Segment Start: Dataset section

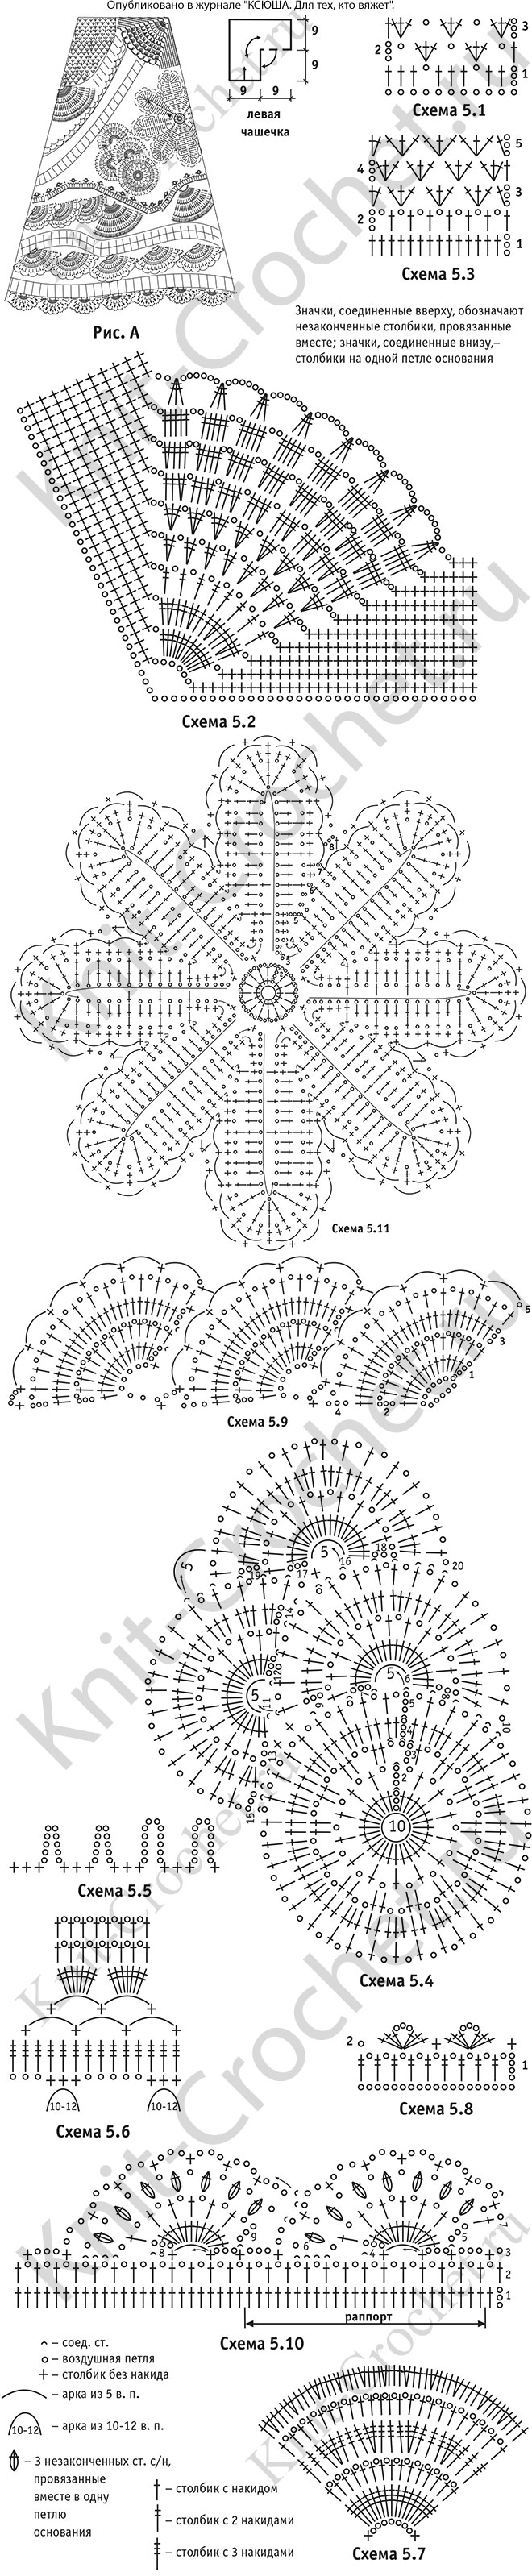 Выкройка, схемы узоров с описанием вязания крючком платья из отдельных мотивов и фрагментов размера 44-46.
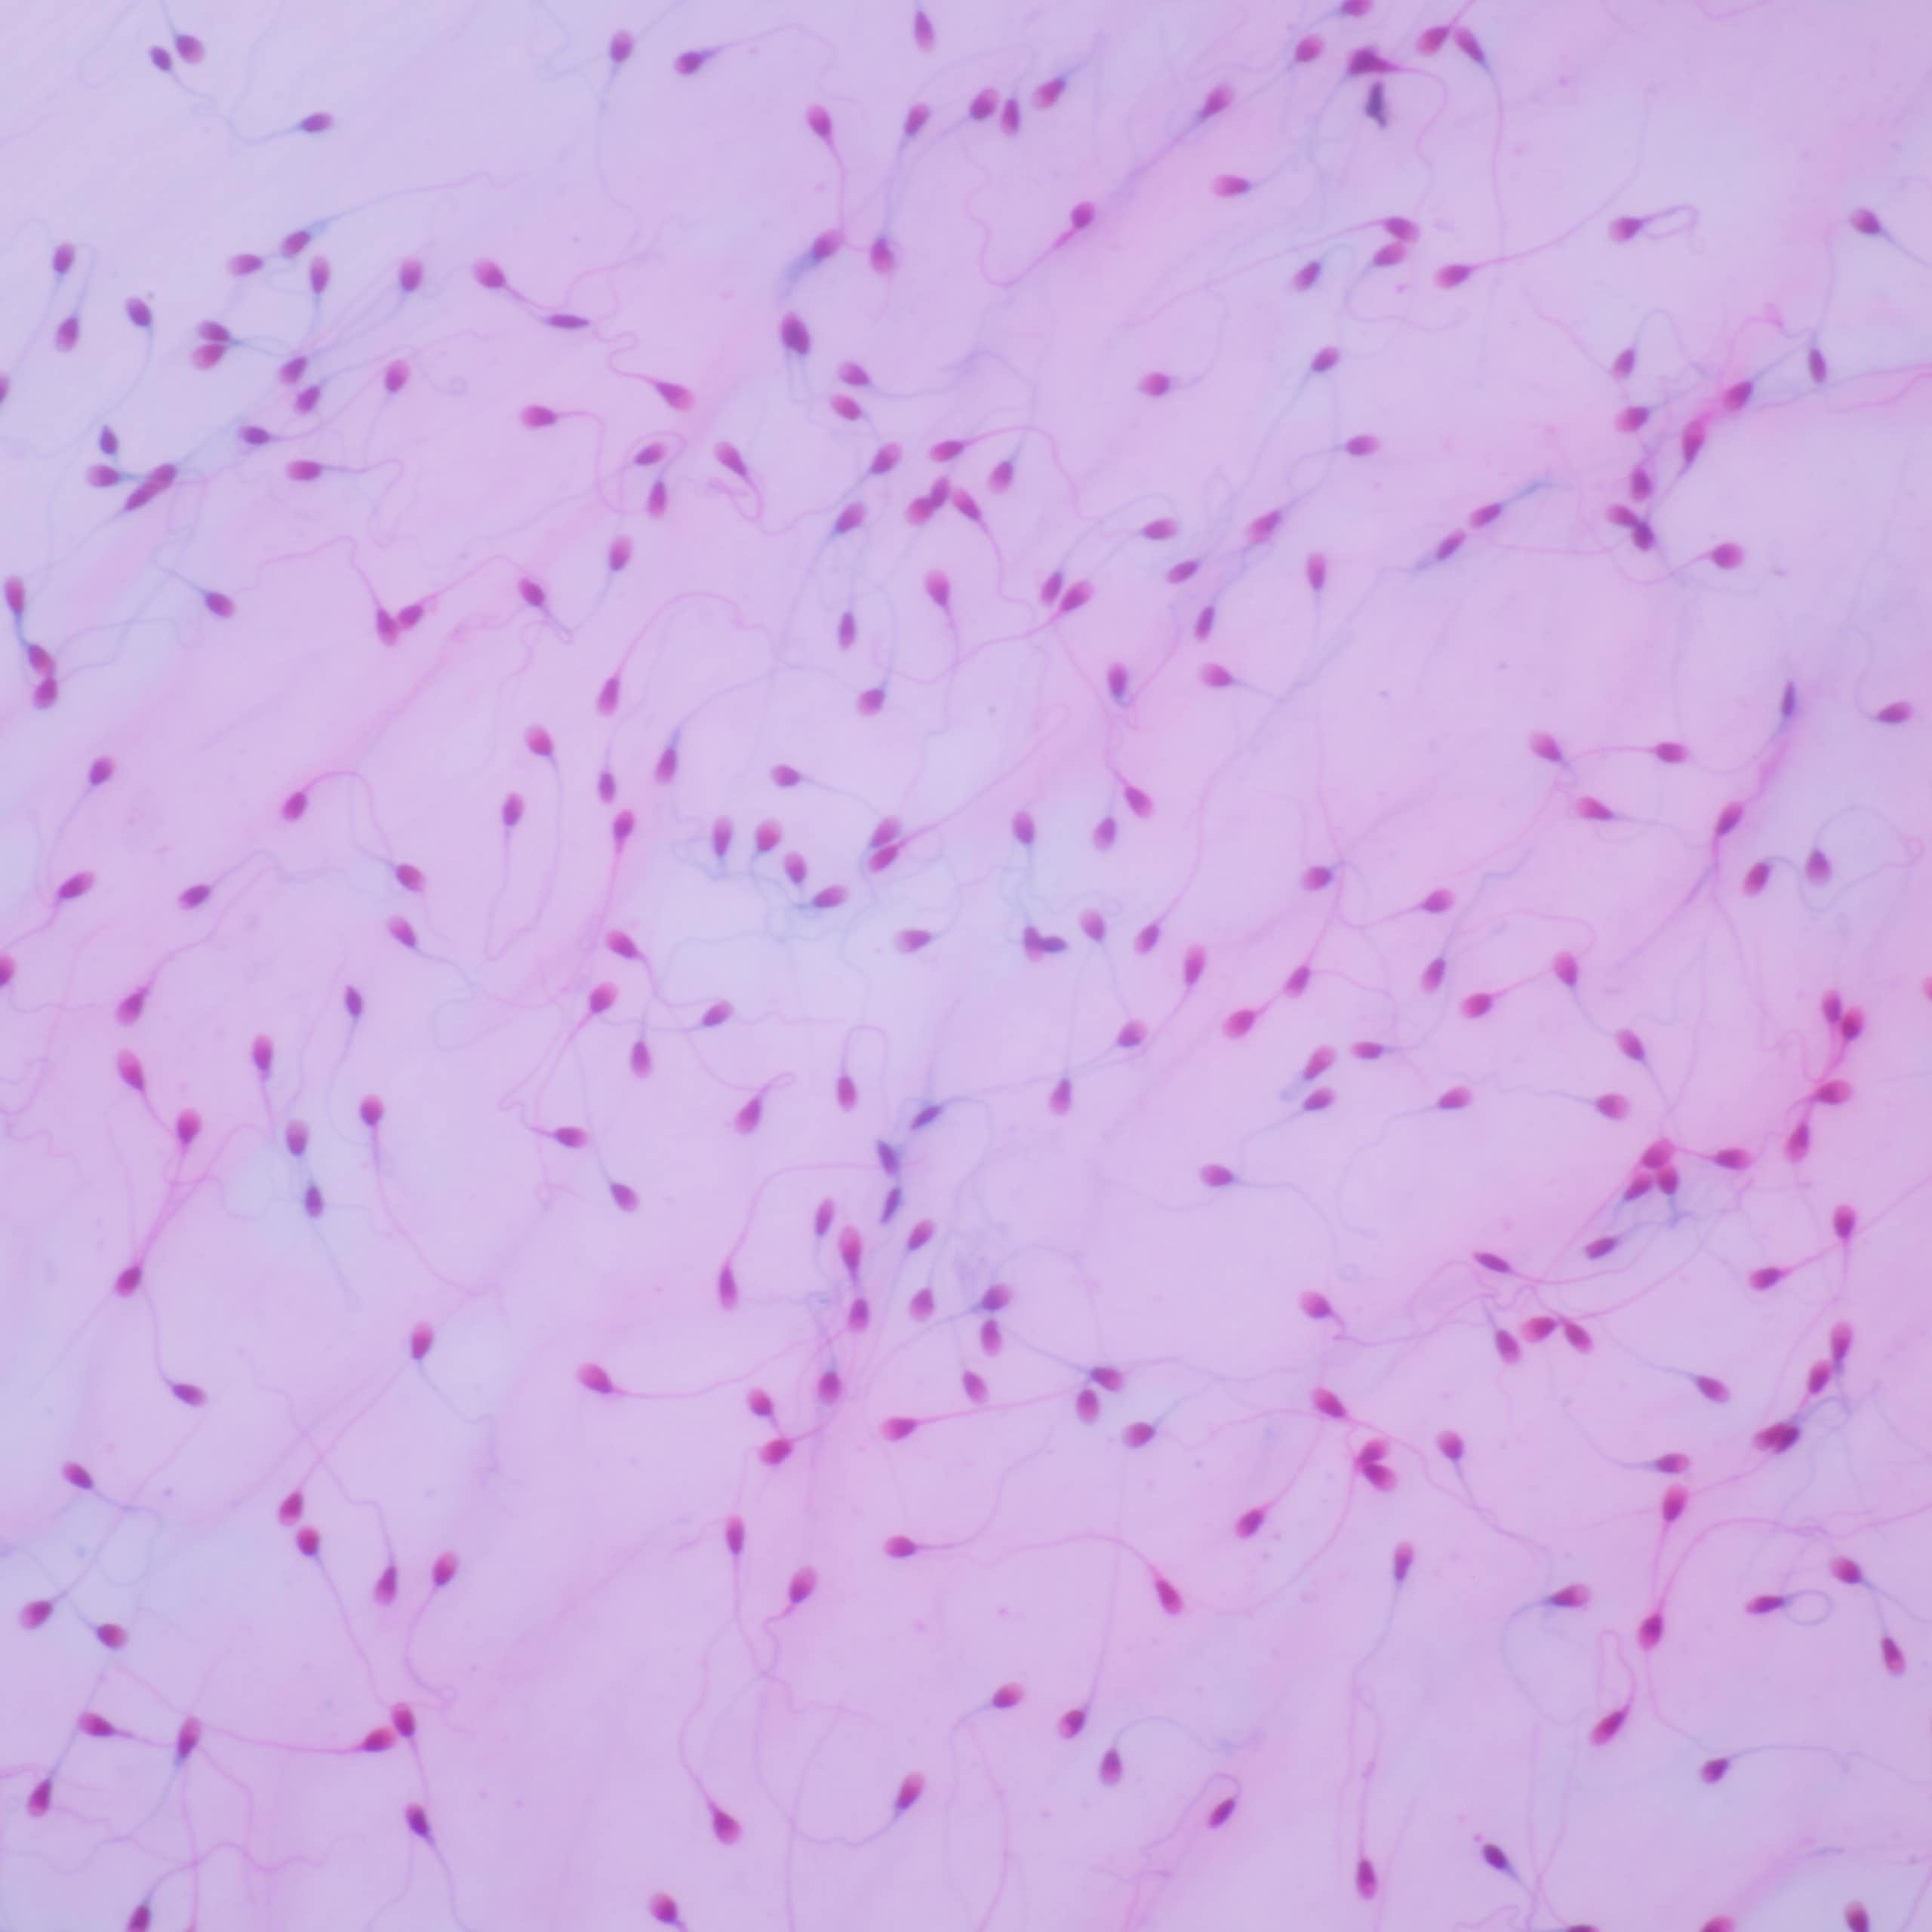 La microbiota también podría desempeñar un papel en la fertilidad del hombre
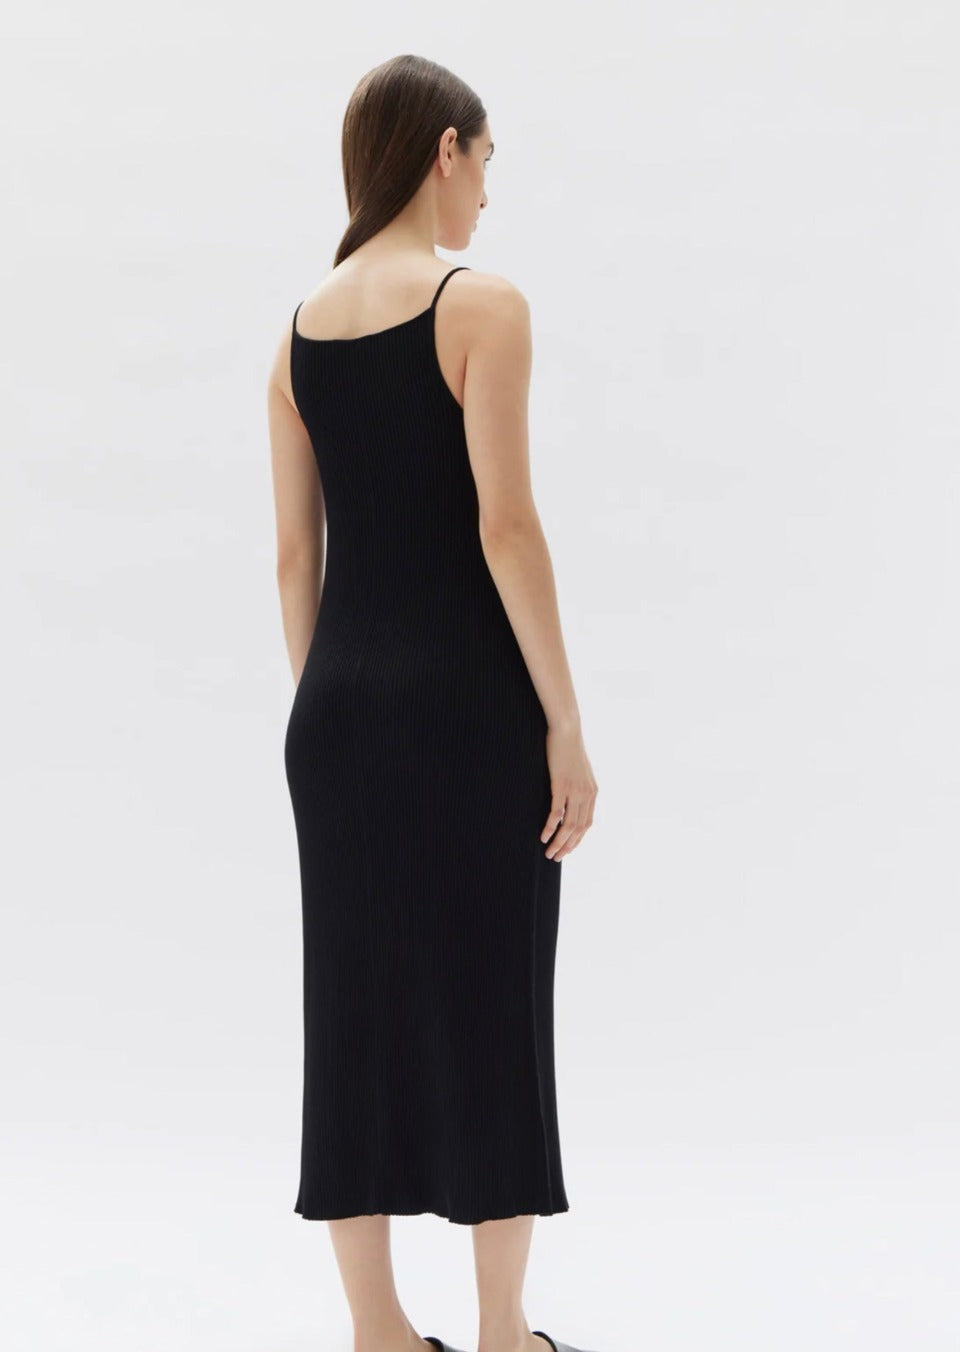 Freya Knit Dress Black

Segment End: Dataset section

Work task: Reproduce the material exactly; omit the pictures.

Solution for this task:
 Выкройка, схемы узоров с описанием вязания крючком платья из отдельных мотивов и фрагментов размера 44-46.
 La microbiota también podría desempeñar un papel en la fertilidad del hombre
 Freya Knit Dress Black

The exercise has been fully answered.